Task Paralysis' Effect on Self-Esteem:
Task paralysis can cause self-loathing, frustration, and distress. It can devastate one's self-esteem as one compares him or herself to others who seem to have no problem attending to tasks. It can make a person feel as if he or she is lazy or worthless. He or she may despair over constantly disappointing others and him/herself. For mothers with ADHD, this can be especially devastating as traditional social values communicate highly task-oriented expectations (cleaning, cooking, scheduling, budgeting) for successfully managing a "happy" home.
Researchers Studied Relationship Between ADHD and Moral Maturity
ADHD symptoms do not indicate moral weakness. Even science says so. Check out this preliminary study that tried and failed to indicate a relationship between ADHD and poor moral reasoning. In this study, researchers hypothesized that because a significant number of inmates also suffer from ADHD, a diagnosis of ADHD would most likely mirror deficiencies in moral reasoning.

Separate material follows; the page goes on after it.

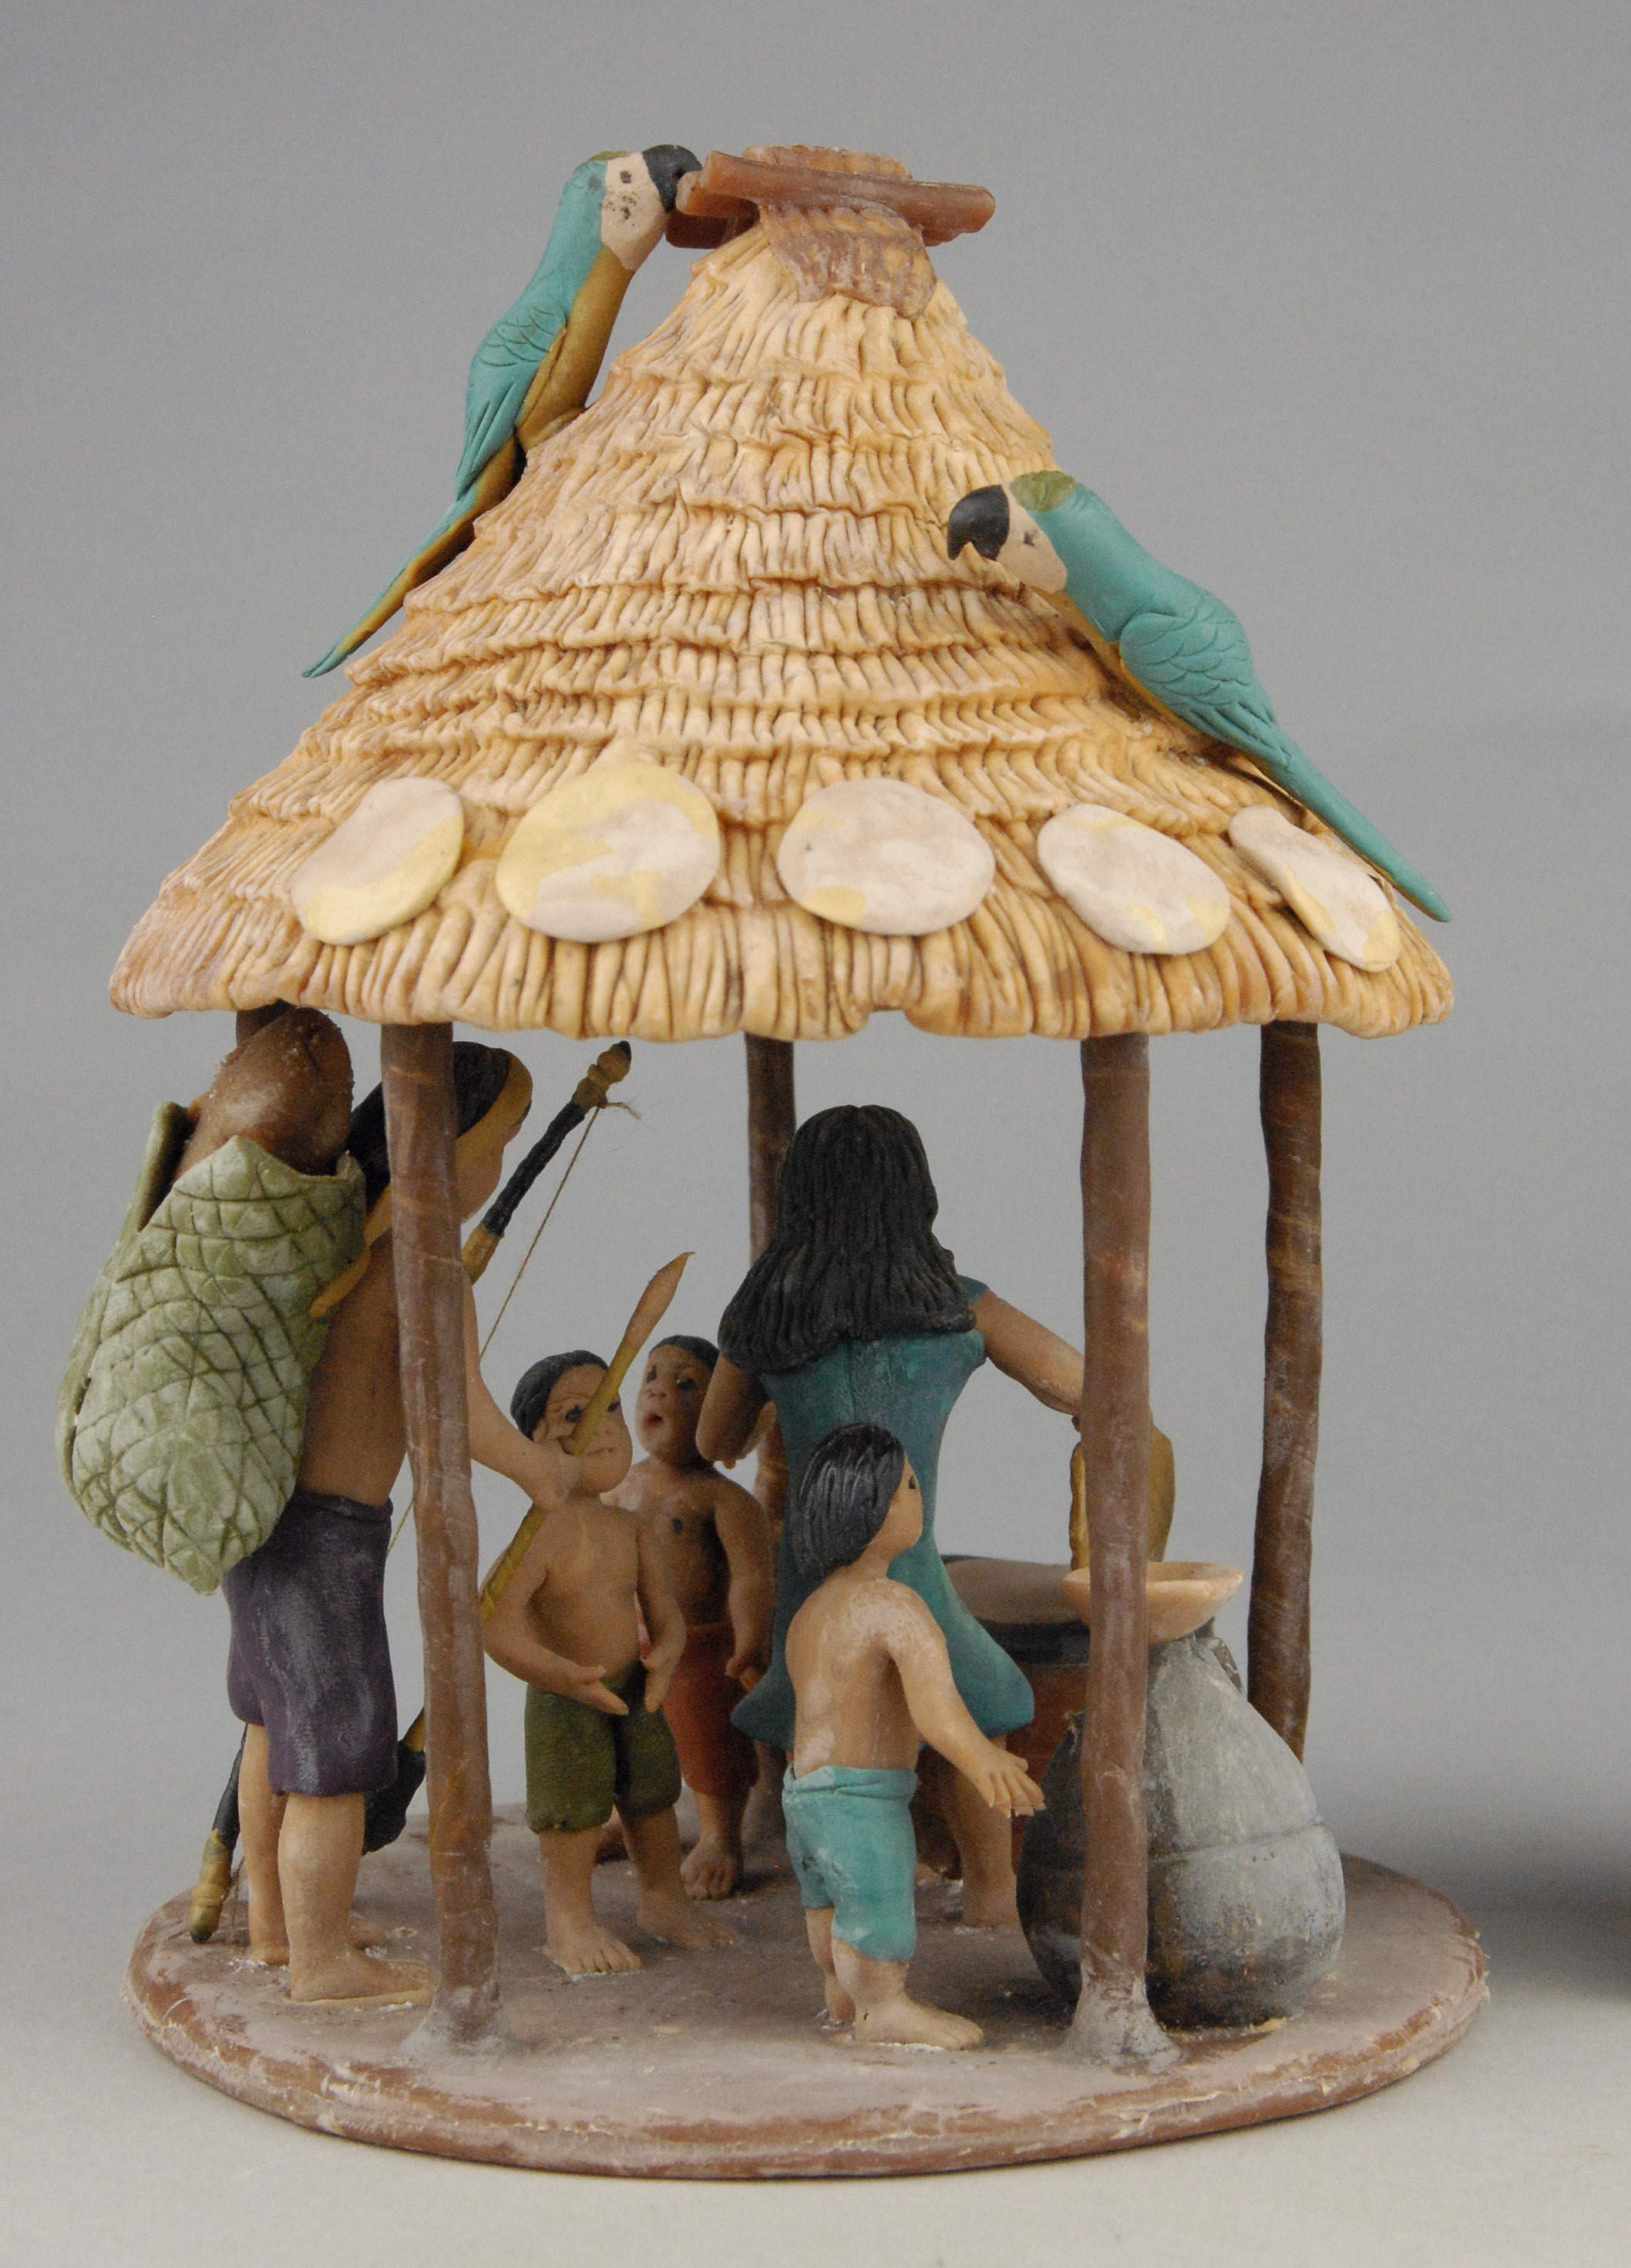 Hütte, Modell von George Tancredo

Instead, their research showed, "a diagnosis of ADHD does not appear to hinder the development of mature moral reasoning." They actually found that IQ was a better predictor of mature moral reasoning than an ADHD diagnosis (higher IQ = more mature moral reasoning) and concluded that moral reasoning was a complex mechanism that required more research.
While ADHD symptoms can result in undesirable behaviors, the behaviors are not willful but are manifestations of depleted neurotransmitters and an alternate wiring of the nervous system. Stimulant medications, behavioral therapy, and appropriate support can go a long way to help a person with ADHD limit undesirable symptoms. Most people with ADHD assert a heroic amount of willpower and self-discipline as they try their hardest to get through each day in a world built for brains unlike their own. They are criticized and shamed often for the very qualities that make them passionate problem-solvers, determined dream-achievers, and innovative go-getters. By leveraging and encouraging these natural, astounding skills and providing treatment, support, and workarounds for life skills that do not come easily, people with ADHD can flourish.